Gregg Phillips is a 62-year-old resident of Austin, Texas. Phillips has extensive experience using powerful data analytic tools to solve problems faced by state agencies. For example, in the mid-1990s Phillips ran the Mississippi Department of Human Services ultimately leaving the department to join a firm called Synesis Corporation that won various contracts from the state during and after his tenure. Then in 2003, he was hired to serve as Deputy Commissioner for the Texas Health and Human Services Commission to help draft legislation to help privatize the state’s billion-dollar human services system. After completing his work on the bill in 2004 Phillips left HHS and started AutoGov to build a software platform to aid caseworkers in state health and human services department in determining patient eligibility.

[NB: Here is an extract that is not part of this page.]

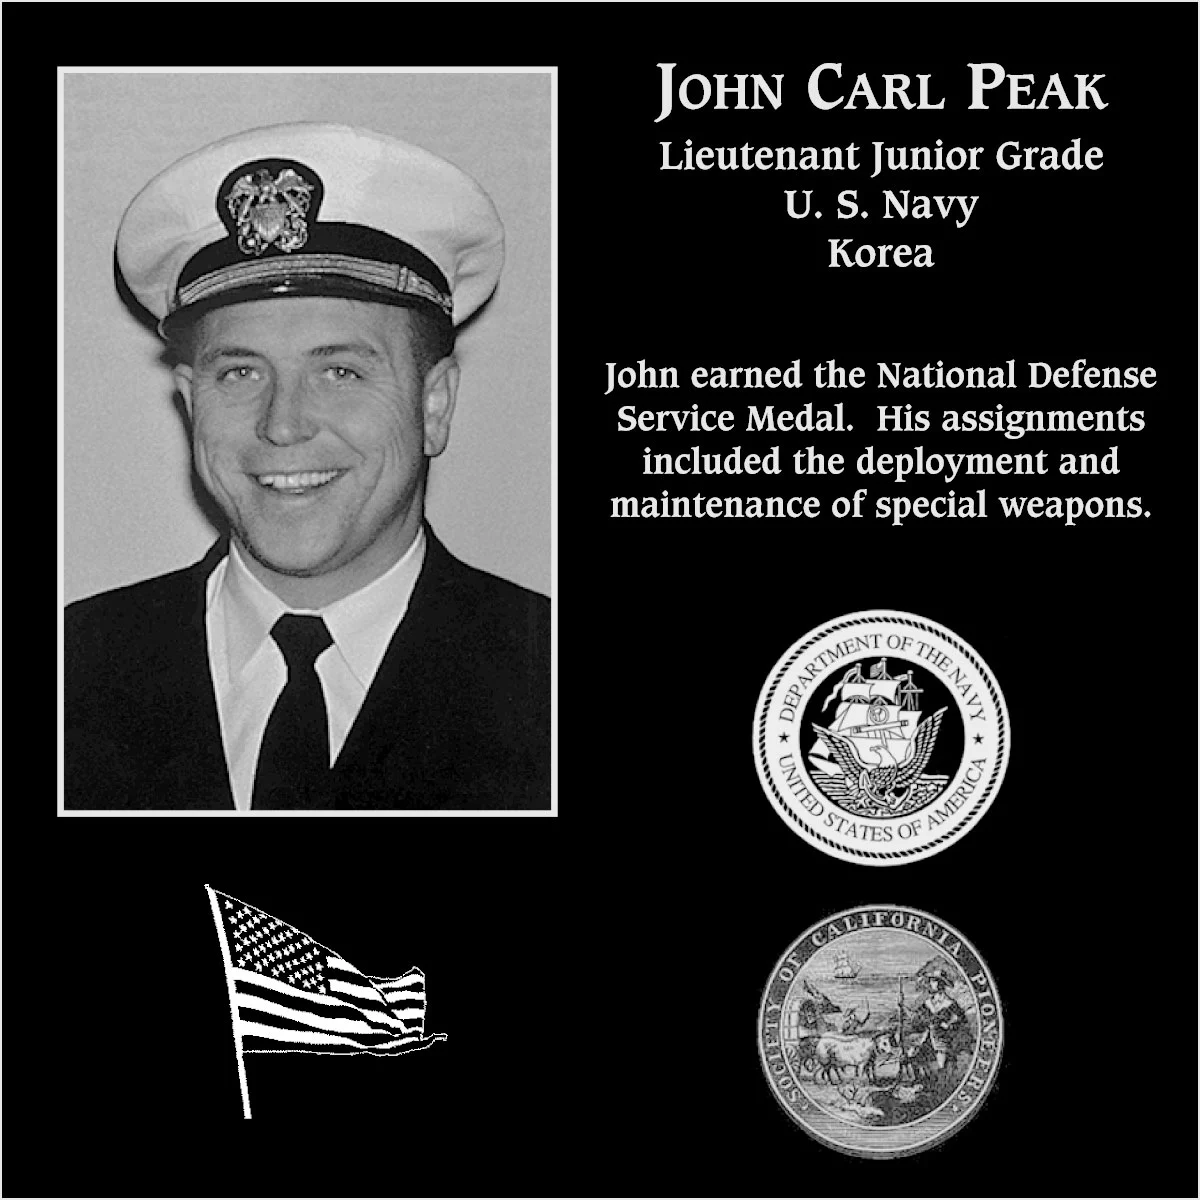 John Carl Peak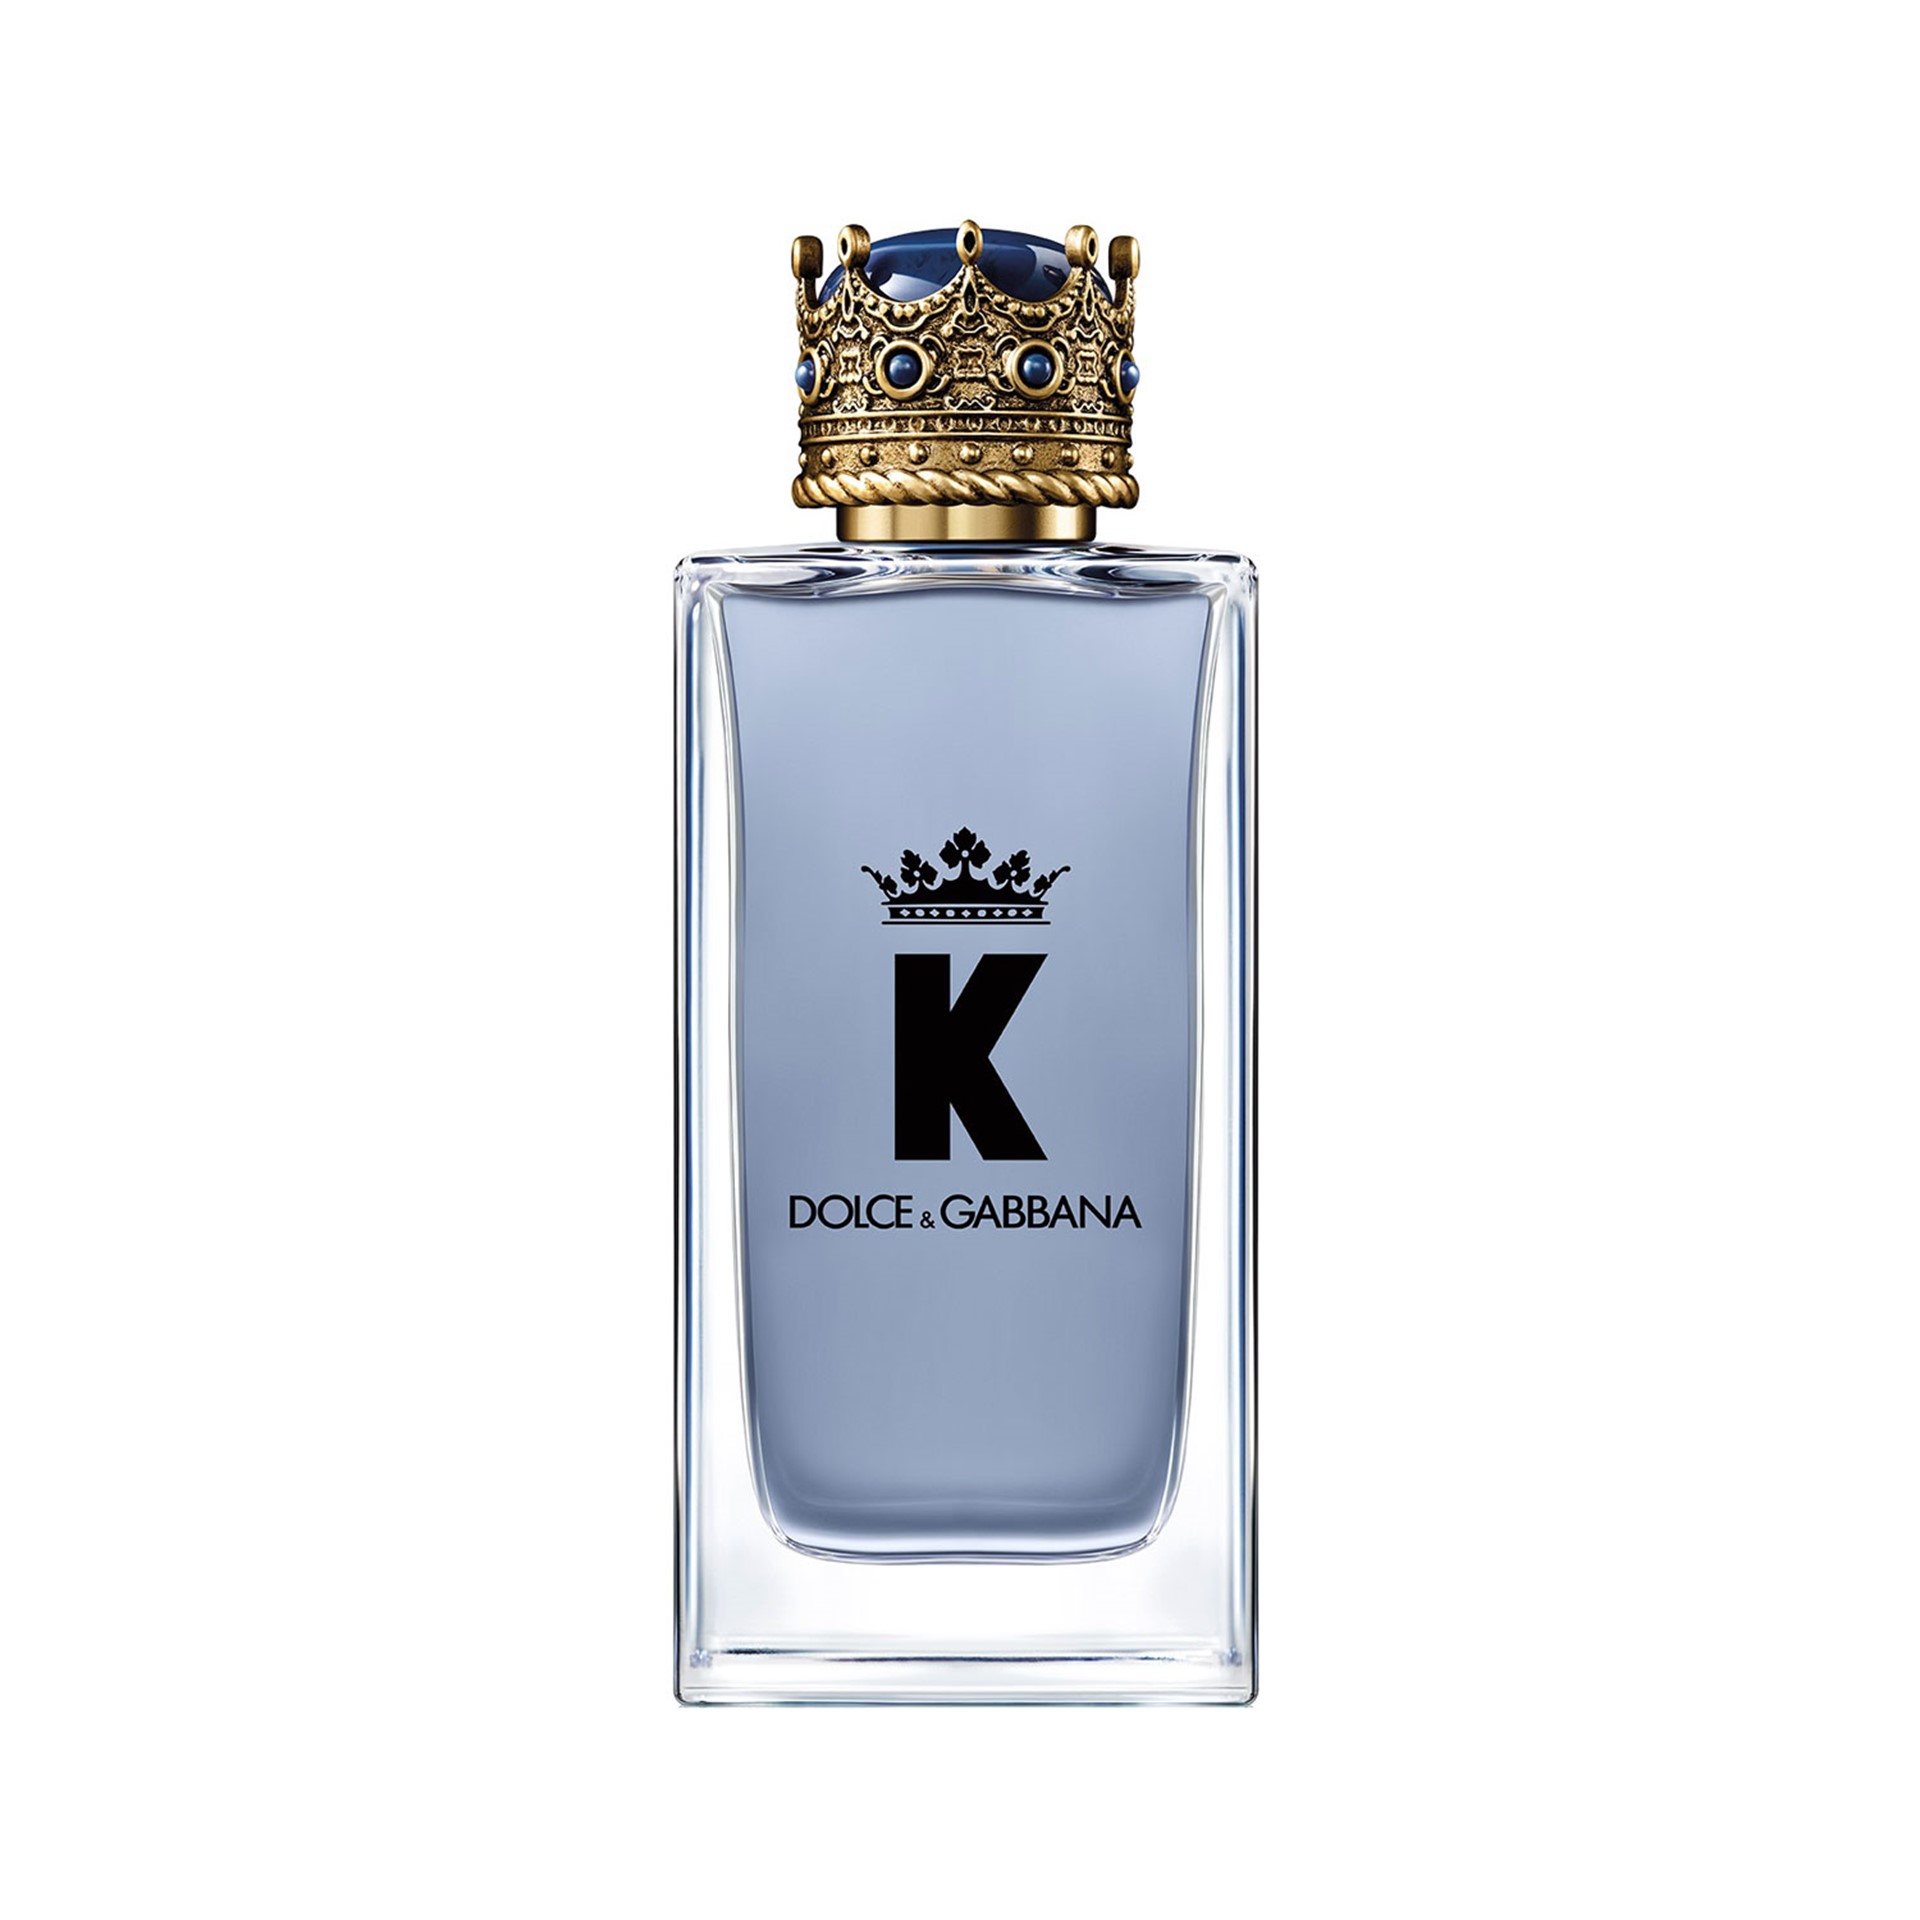 Дольче габбана мужские кинг. •Dolce&Gabbana k EDT 100ml. Dolce and Gabbana King 50 ml. Dolce&Gabbana k (m) 100ml EDT. Dolce Gabbana King 100ml.

The company’s software, called CaseVue, uses machine learning tools to fuse applicant data with public and private sourced data to determine the likelihood of eligibility in real-time to caseworkers all over the country. The company employed 24 people and generated about $5 million per year in revenue.
After Phillips’ election fraud investigations became public and cited by then-President Trump various news outlets began running hit pieces designed to undermine his credibility. The Associated Press accused him of various conflicts of interest as his company, AutoGov, did business with his former employers in the Mississippi and Texas Department of Health & Human Services. Additionally, the Guardian reported that in 2014 Phillips and his ex-wife underpaid their taxes by $100,961. Phillips explained that there was a disagreement over which party owed the taxes and how much was actually owed - the amount was determined to be less than $50,000 and that a settlement with the IRS was reached without incident. The Guardian reported that almost 30 years ago Phillips lied on a job application when he claimed he majored in finance at the University of Alabama while Phillips actually received a bachelor of science degree in commerce and business administration. The Guardian also reported that his ex-wife’s new husband once made an unsubstantiated claim that Phillips may have failed to pay child support at some point after his divorce.